Firstly, we need to find the probability complementary to the given chance of rain, this is the probability of 'no rain'. Since the total probability of all possible events is 1 (or 100%), the probability of no rain (\(P_{nr}\)) is \(1 - 0.20 = 0.80\) or 80%.

Now that we have the probability for no rain (\(P_{nr} = 0.8\)), we can apply the Binomial Theorem. We want at least 3 days of no rain out of 4, so we sum the probabilities for 3 and 4 days of no rain: \[ P = {4 \choose 3} (P_{nr})^3 (1-P_{nr}) + {4 \choose 4} (P_{nr})^4 \] Where \({4 \choose n}\) are binomial coefficients calculated as \({4 \choose n}=\frac{4!}{n!(4-n)!}\) where \(n!\) stands for factorials.
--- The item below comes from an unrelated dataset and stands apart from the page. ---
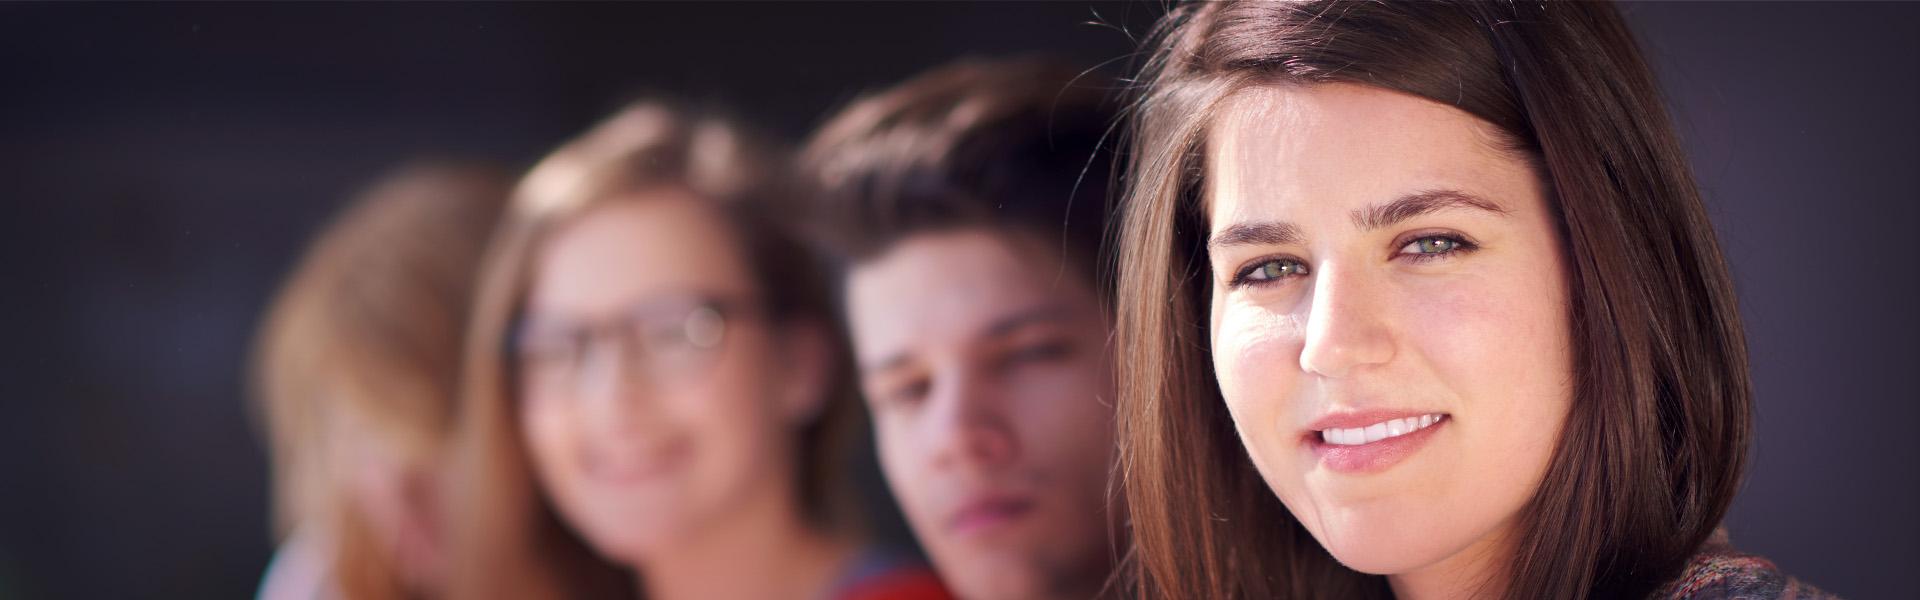 boys-girls-home-smiling teen

We find the binomial coefficients: \({4 \choose 3}=4\) and \({4 \choose 4}=1\). Then, substitute the \(P_{nr} = 0.8\) into the equation and calculate: \[P = 4*(0.8)^3 (0.2) + 1*(0.8)^4 = 4*(0.4096) + 0.4096 = 2.048\] Since probability can't be more than 1, we've possibly made an mistake. Let's check the calculations for \(P_{nr}\), as it's easy to confuse the percentages with fractions. When we revise, we remember that \(P_{nr}\) is already in decimal form as \(0.8\), not as \(80\). To correct the error, we calculate the values again: \[P = 4*(0.8)^3 * 0.2 + (0.8)^4 = 0.8192 + 0.4096 = 1.2288\] The probability is still greater than 1, which indicates there's still something wrong with our calculations. When someone rechecks, they realize we've made an error when calculating \((0.8)^3 * 0.2\). It should be 0.1024, not 0.8192. So we have to correct that calculation. In case we want to avoid such mistakes, it might be better to use calculator. Using calculator, we get correct answer: \[P = 4*(0.8)^3 * 0.2 + (0.8)^4 = 0.4096 + 0.4096 = 0.8192\]

Finally, round the final answer to the nearest hundredth as asked in the exercise. Therefore, the probability that there will be no rain on at least three of the four days is \(0.82\) or \(82\%\).